Thanks guys! I will hopefully be posting better pics of him next week! Thanks Cathy!


----------



## Lord Homicide (May 11, 2012)

I agree with everyone. Your sculpting abilities blow me away. What kind of hair will he have? It looks great as is.


----------



## Great Pumpkin (Feb 21, 2011)

Very Kind LH. I am going to hair him with hair from a special effects company. This is just a prototype. Trying to see how he will look before i mass produce him.


----------



## Lilly (Jun 13, 2006)

he reminds me of Danny DeVito ..lol and he's pretty scarey !


----------



## SCEYEDOC (Aug 12, 2007)

great attention to detail. even crow's feet. looks like you nailed it!


----------



## smileyface4u23 (Apr 1, 2008)

Wow - I'm jealous of your sculpting abilities. I would love to be able to do that as well as you do - fantastic work!!


----------



## Great Pumpkin (Feb 21, 2011)

Thanks everyone for the nice compliments!


----------



## Great Pumpkin (Feb 21, 2011)

*Finally working on the good doctor!!!*

I have finally been able to give my DR .Loomis Bust the attention he deserves.
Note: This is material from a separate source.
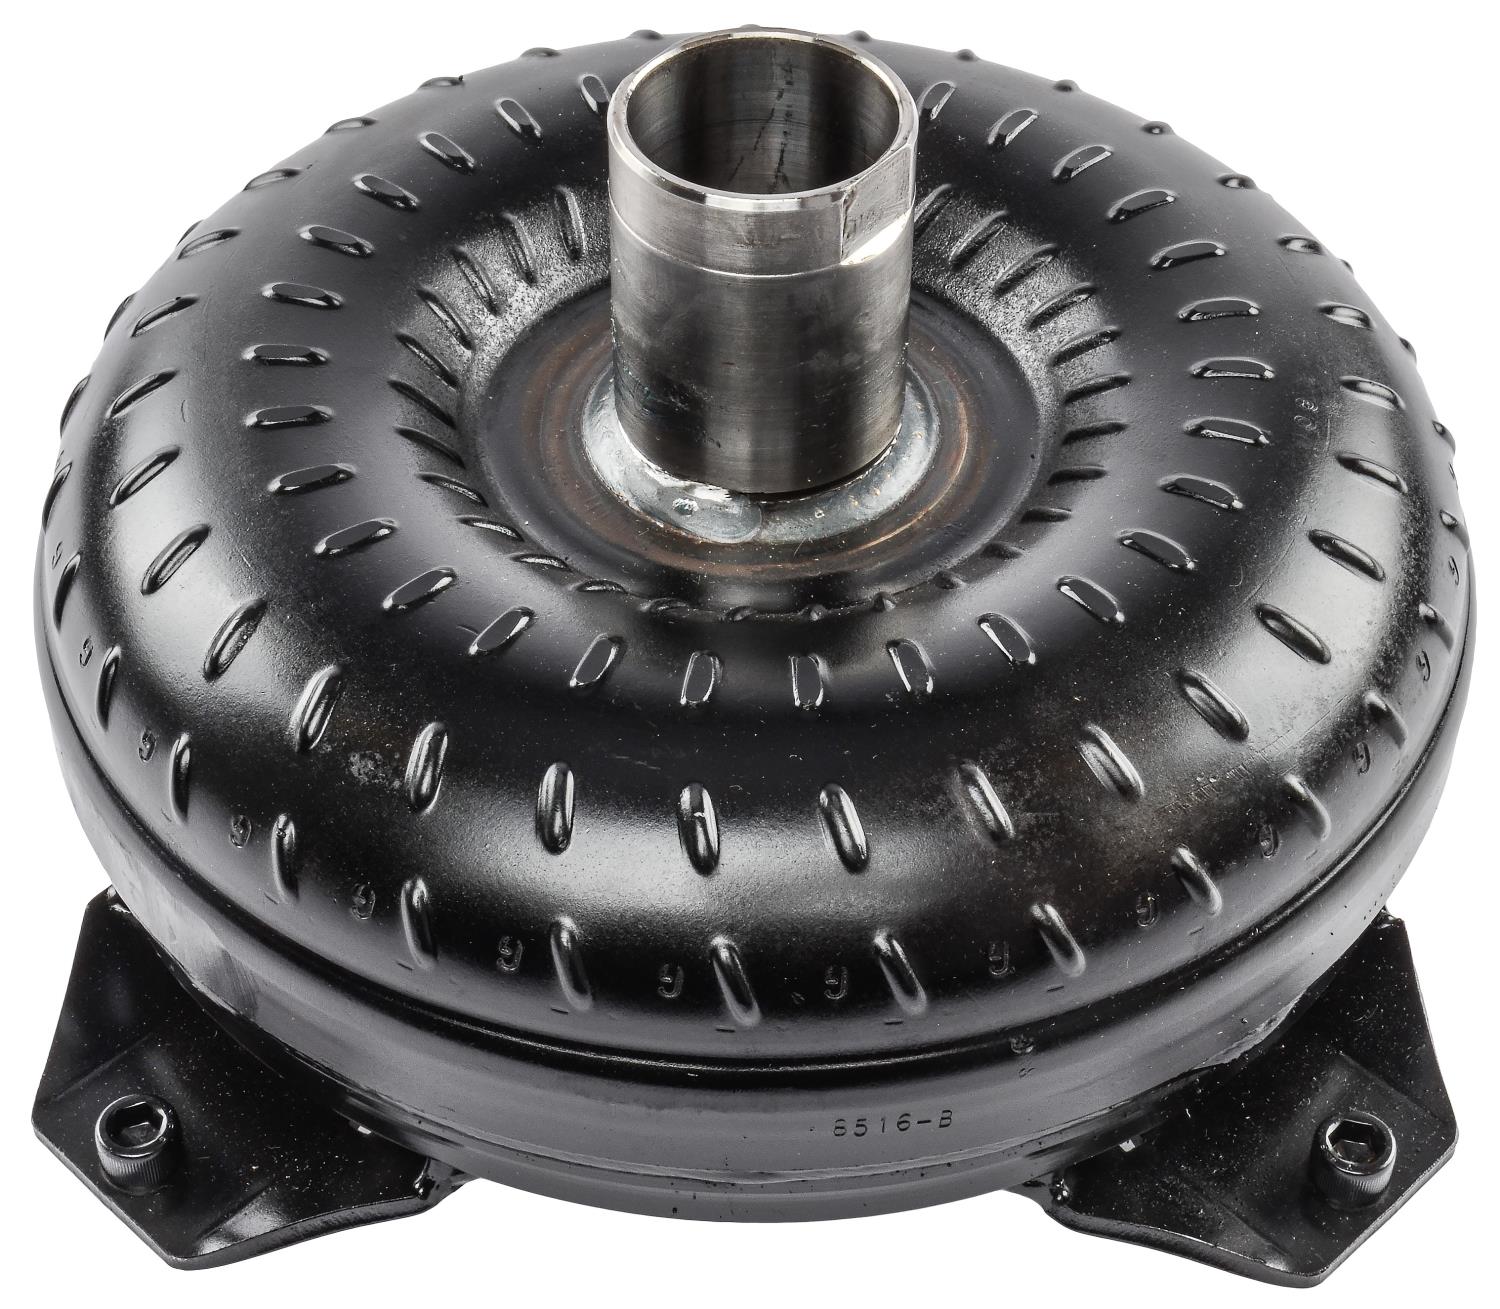 Torque Converter for Ford C6 [10 in. Dia. & 2400-2600 RPM Stall Speed]

I have been just so busy with life ,customer orders and holidays I have not really gotten around to completing Dr. Loomis. Well I started him up last night. I gave him his beard. Still have to make that a little fuller. Then I was able to place one of his blue glass eyes in place. I still have to work the other into the other eye socket. Then he still needs to be haired on both his sides as well as the back if his head. I hope to have him completed by the end of this week! Here is a quick pic of his completed side. Hope you like him and thanks for looking!!:googly:


----------



## Copchick (Apr 10, 2012)

Creepily realistic!


----------



## Hairazor (Mar 13, 2012)

Shivery! Can't wait to see finished!


----------



## GhoulishCop (Sep 25, 2009)

Fantastic work, Great Pumpkin. The sculpt really highlights your talent.


----------